Anthropic Challenges Pentagon in Court: Files Sworn Declarations Against National Security Risk Claims
Anthropic filed sworn declarations in California federal court on March 22, challenging the Pentagon's claim that it poses an 'unacceptable national security risk' after refusing unrestricted military use of Claude. A hearing is set for March 24. Google, meanwhile, is pursuing Pentagon contracts after updating its AI principles to remove weapons commitments.
Anthropic vs Pentagon: The Courtroom Battle Over AI Military Ethics
Origins of the Conflict
In March 2026, the standoff between Anthropic and the U.S. Department of Defense escalated into a full legal battle. The core issue: Anthropic insisted on two red lines in its Pentagon contract—prohibiting Claude from being used for "mass domestic surveillance of Americans" and "fully autonomous weapons systems" where AI, not humans, makes final targeting decisions.
Defense Secretary Pete Hegseth deemed these restrictions an "unacceptable national security risk," placing Anthropic on a supply chain risk list. President Trump ordered all federal agencies to cease using Anthropic's AI.
Legal Actions
Anthropic filed two lawsuits on March 9, challenging the supply chain risk designation as retaliation for its First Amendment-protected advocacy for AI safety. The company also argued a key technical point: once Claude is deployed in military systems, Anthropic technically cannot remotely disable or manipulate it.

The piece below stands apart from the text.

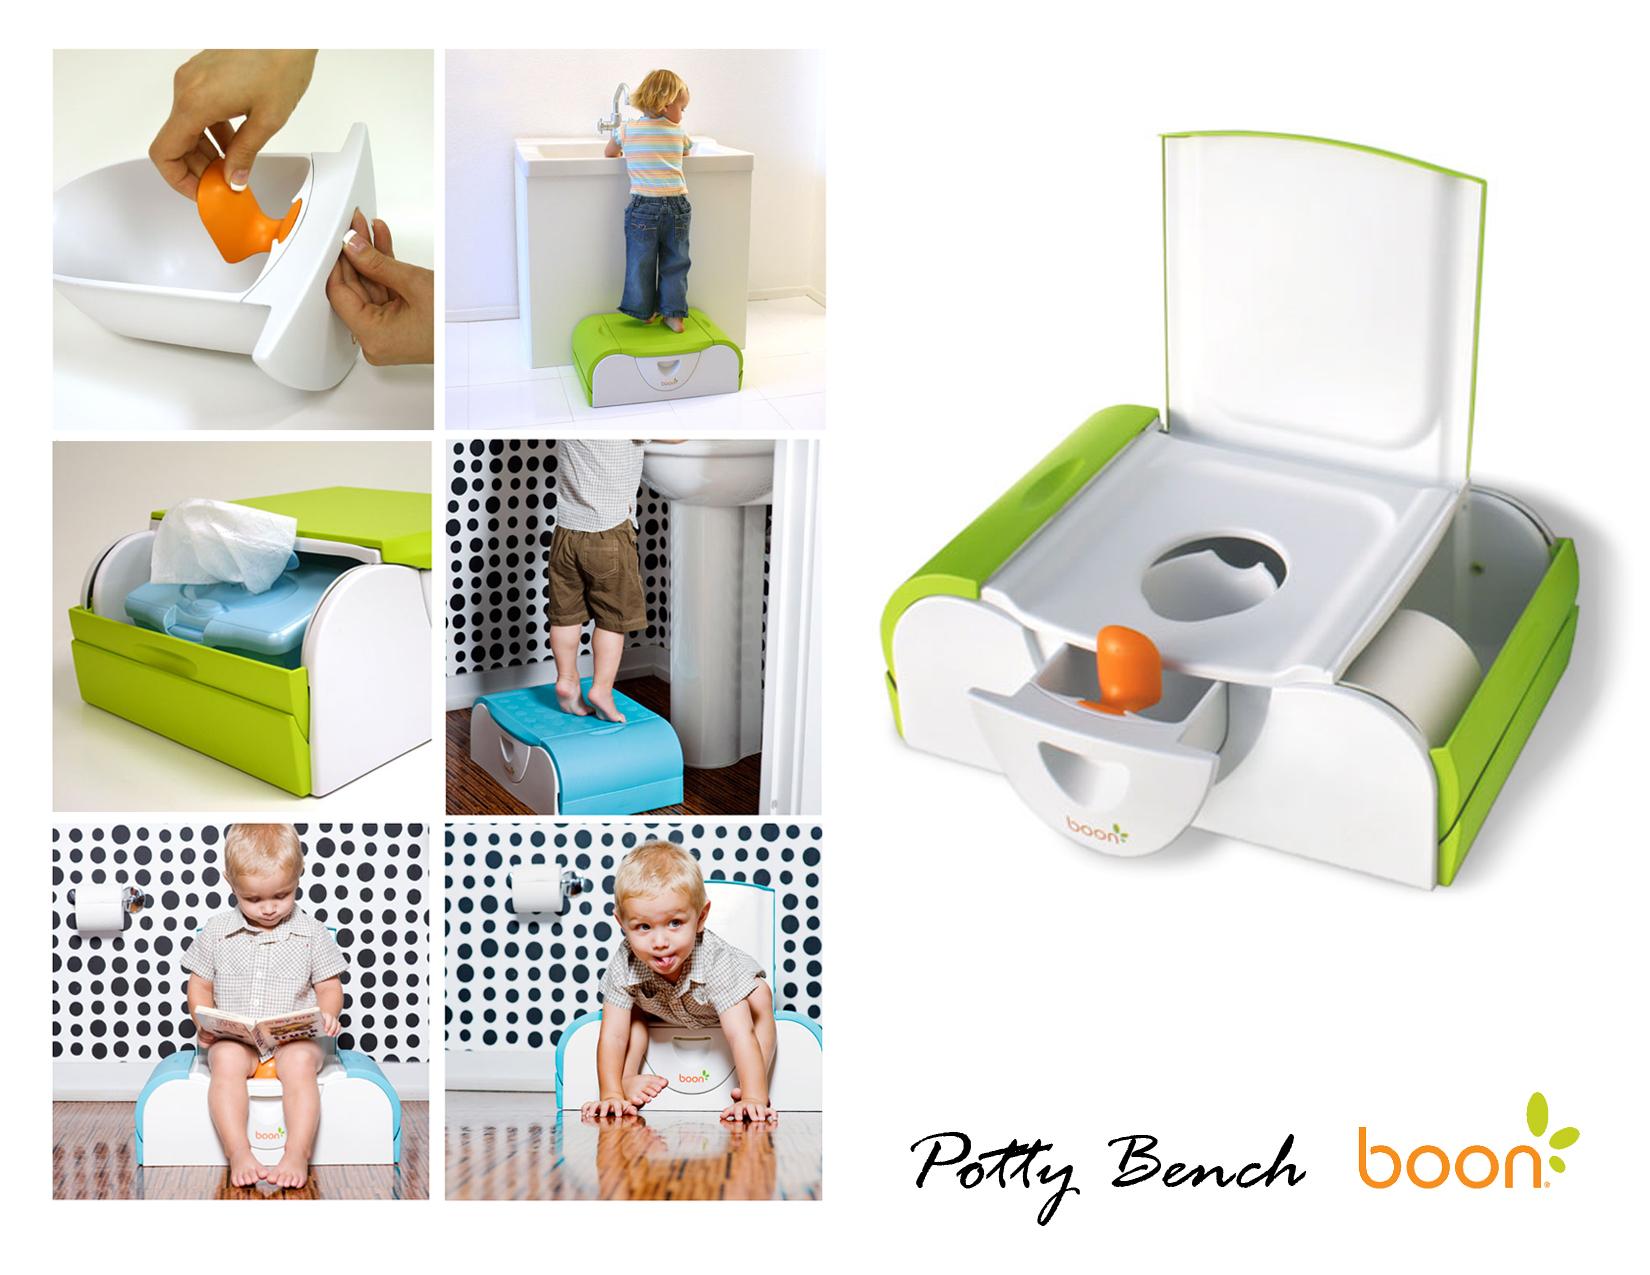 boon potty bench by t j manion at coroflotcom - share

A federal court hearing on Anthropic's preliminary injunction request is scheduled for March 24 in San Francisco, potentially becoming a landmark ruling for AI military use.
Silicon Valley's Response
The ACLU and CDT filed amicus briefs supporting Anthropic. Employees from Microsoft, Google, and OpenAI publicly backed Anthropic's stance. Notably, OpenAI reached its own Pentagon agreement with guardrails, though more permissive than Anthropic's demands.
Deeper Implications
The fundamental question transcends a contract dispute: Can AI companies set ethical red lines on their own technology? A ruling favoring the Pentagon could mean AI companies cannot maintain ethical limits against national security demands; a ruling for Anthropic would establish legal precedent for AI industry military ethics boundaries.
Regardless of outcome, this battle has already shifted power dynamics between Silicon Valley and Washington. Google removed its pledges against developing weapons and surveillance technology from its AI principles, pushing some Google employees to support Anthropic's position.

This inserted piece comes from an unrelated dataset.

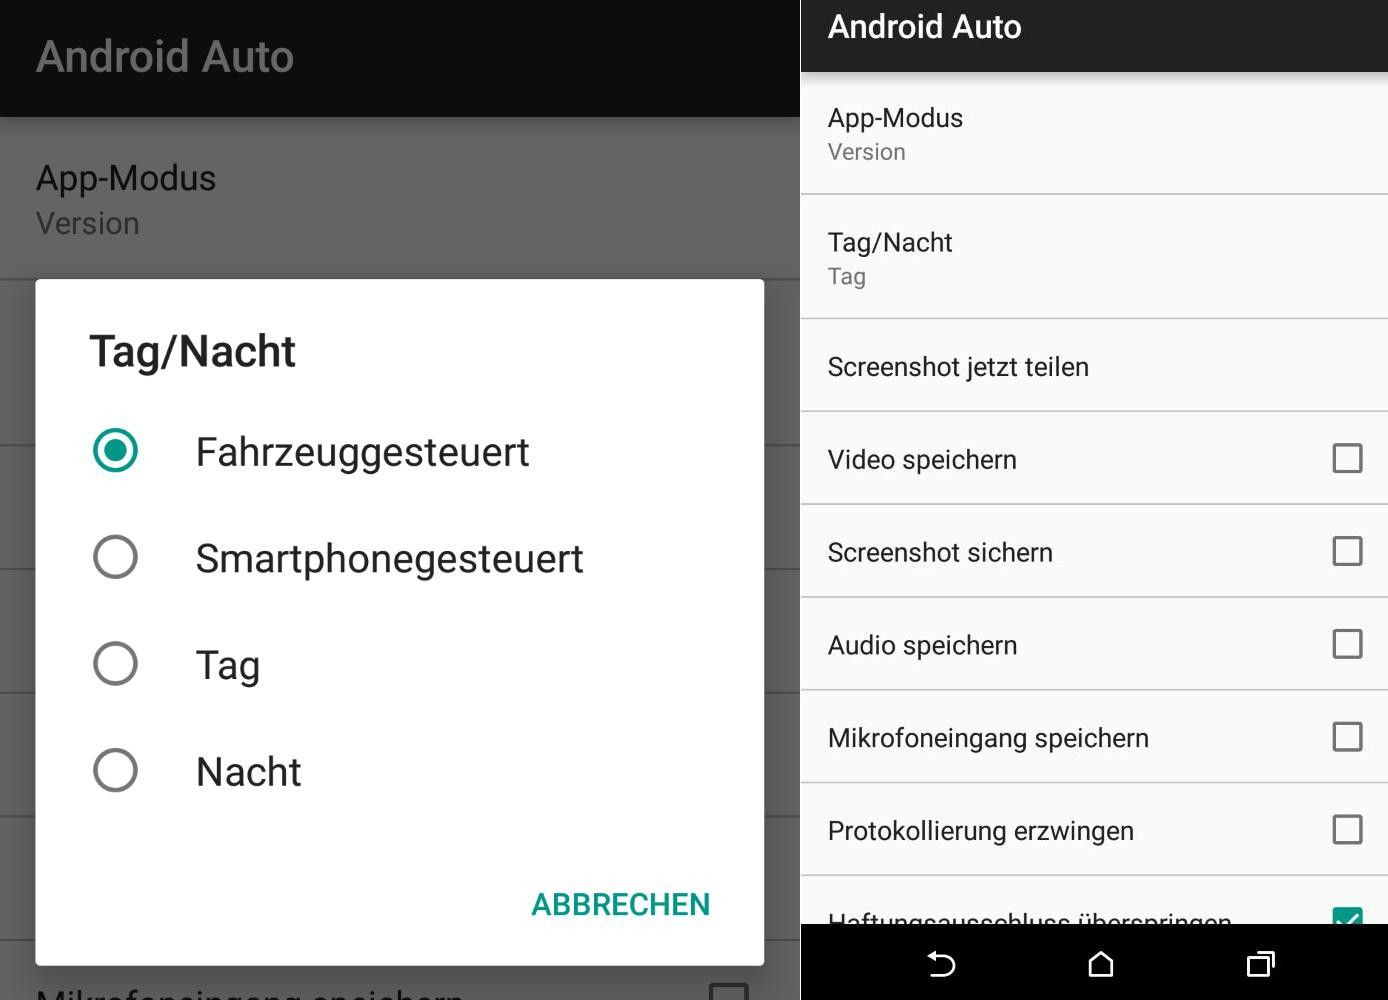 android auto im test funktionen apps auto hersteller pc welt. Black Bedroom Furniture Sets. Home Design Ideas

In-Depth Analysis and Industry Outlook
From a broader perspective, this development reflects the accelerating trend of AI technology transitioning from laboratories to industrial applications. Industry analysts widely agree that 2026 will be a pivotal year for AI commercialization. On the technical front, large model inference efficiency continues to improve while deployment costs decline, enabling more SMEs to access advanced AI capabilities. On the market front, enterprise expectations for AI investment returns are shifting from long-term strategic value to short-term quantifiable gains. However, the rapid proliferation of AI also brings new challenges: increasing complexity of data privacy protection, growing demands for AI decision transparency, and difficulties in cross-border AI governance coordination. Regulatory authorities across multiple countries are closely monitoring these developments, attempting to balance innovation promotion with risk prevention. For investors, identifying AI companies with truly sustainable competitive advantages has become increasingly critical as the market transitions from hype to value validation. This trend is expected to deepen over the coming years, profoundly impacting the global technology industry landscape. The convergence of AI with other emerging technologies such as quantum computing, biotechnology, and robotics is creating entirely new market opportunities that did not exist even two years ago.